Paul also knew firsthand the consequences of living out his faith for the purpose of unity. What he does as an individual reflects upon the whole community, the whole church, because we are part of the whole. He begins Ephesians 4 saying, “As a prisoner for the Lord, I urge you to live a life worthy of the calling you have received.” He is reminding these new Christians to actually stand up and make sure that what they say they believe in their hearts is revealed in their actions. For Paul, that often landed him in prison—and he was not ashamed about that.
(Optional addition to this lesson for more in-depth content): Paul was constantly trying to work out how to live out his faith and that was often really challenging. Let’s take a look at one of Paul’s experiences. Read the story in Acts 21:27-36 (depending on the attention span of your group, consider the full story of 21:17–23:11).
- Teaching highlights: Paul knew his calling was to reach the Gentiles and share the good news of Jesus. He writes about the need for unity in our text in Ephesians, which is set within a letter in which he is constantly calling Jews and Gentiles to unite together through their faith in Jesus. In this passage in Acts various groups of Jews from Asia accuse Paul of bringing a Gentile into the temple. It causes such an uproar that he is arrested. This is the beginning of his journey of being imprisoned and finally sent to trial. There was a distinct place in the temple where Gentiles were allowed to enter, but Paul invited Gentile believers into a full worship experience of God through Jesus. Many Jews were furious that he crossed those boundaries (see Acts 22:21-22).
- Application / Interaction Ideas: In what ways are Christians persecuted in your context or in other parts of the world for living out their calling? What are the costs of standing up for someone or for specific people groups in your context as you live out what it means to be a Christ-follower?
Conclusion: When Paul identifies himself “as a prisoner for the Lord,” we get a sense of where he is coming from in his world. What about you? If you were to rewrite the first sentence of Ephesians 4:1 to reflect where you are coming from, what would you say? Who are you in your world right now that you can focus on “living a life worthy of the calling you have received”?
- [Youth Leader: use some examples you think students will relate to, i.e., “as an athlete for the Lord,” “as an employee of ____” for the Lord, “as a member of my family” for the Lord.] What aspects of who you are in your daily life open up doors for you to live as a witness to Christ’s love for all? Each one of you has an opportunity every day to live as Christ-witnesses to the world, and we do so both as individuals and as representatives of the whole body of believers with one purpose: to love God and to love our neighbors. Let the Spirit guide you in this, and let us have hope that we are in this together.

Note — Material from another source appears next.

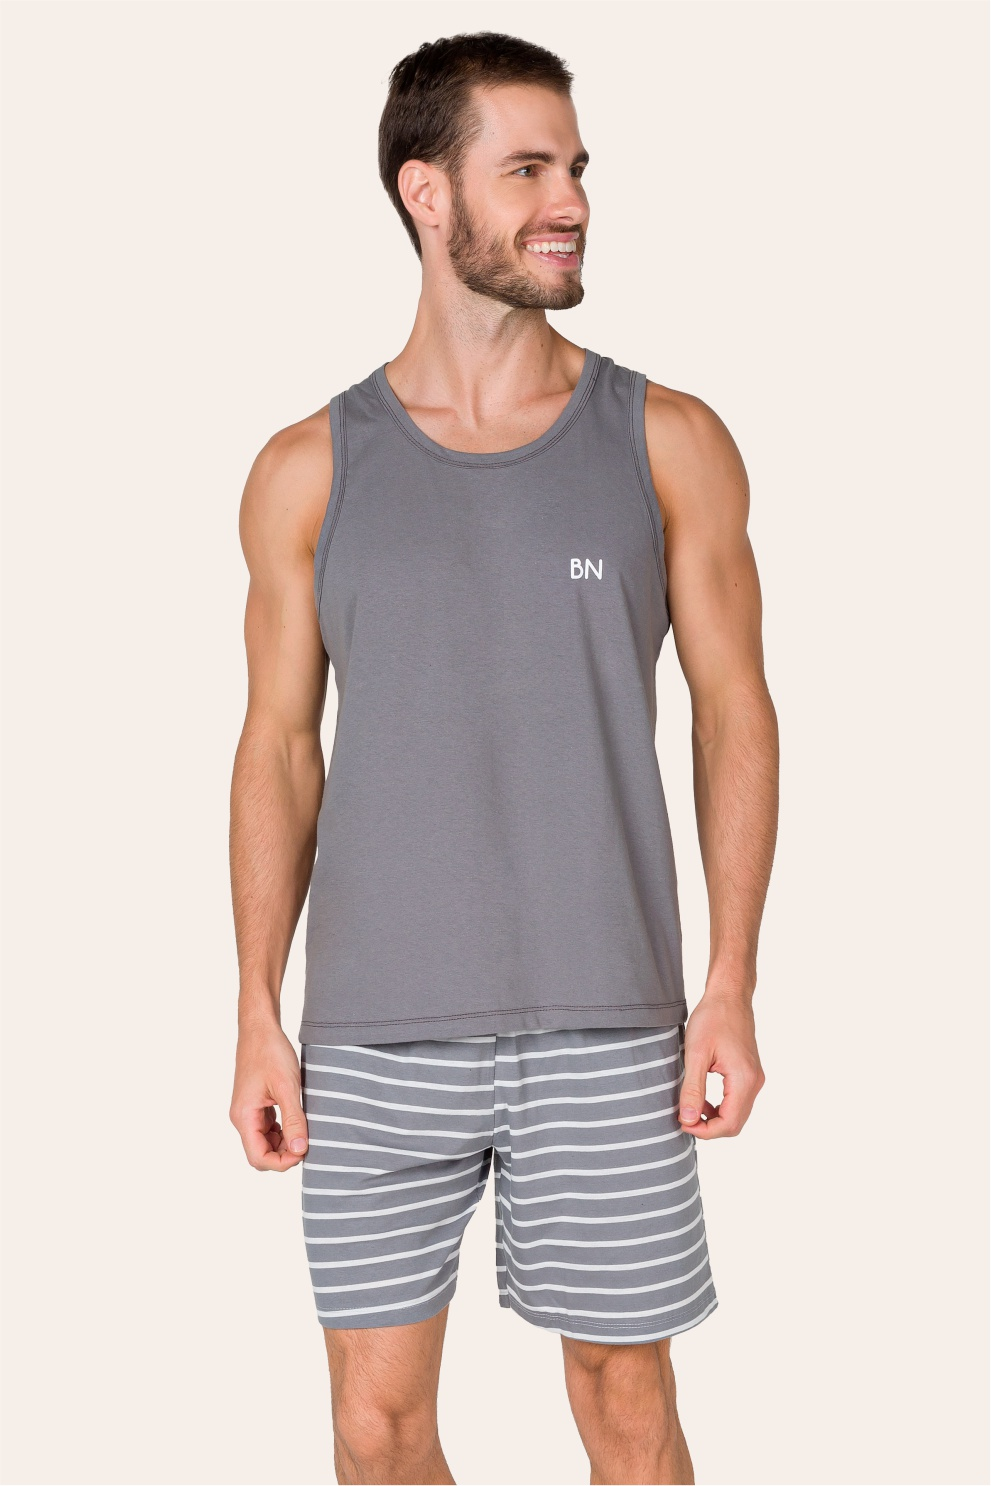 013/D - Pijama Adulto Masculino Regata

Application/Interaction: Give students an opportunity to pray for one another in seeking ways to unify as the body of Christ. This is a great way to embody being the church to one another (Acts 2:42-47). Praying for one another is an essential way we can strengthen one another and the church. Through our words and care, the Spirit strengthens each person individually and together as a whole. Encourage students to focus in their prayer time on the different aspects of this lesson: living out in one’s daily life being humble and gentle, patient, and practicing forgiveness; and in working through the differences that divide us as Christians and focusing on the “oneness” we have in Jesus.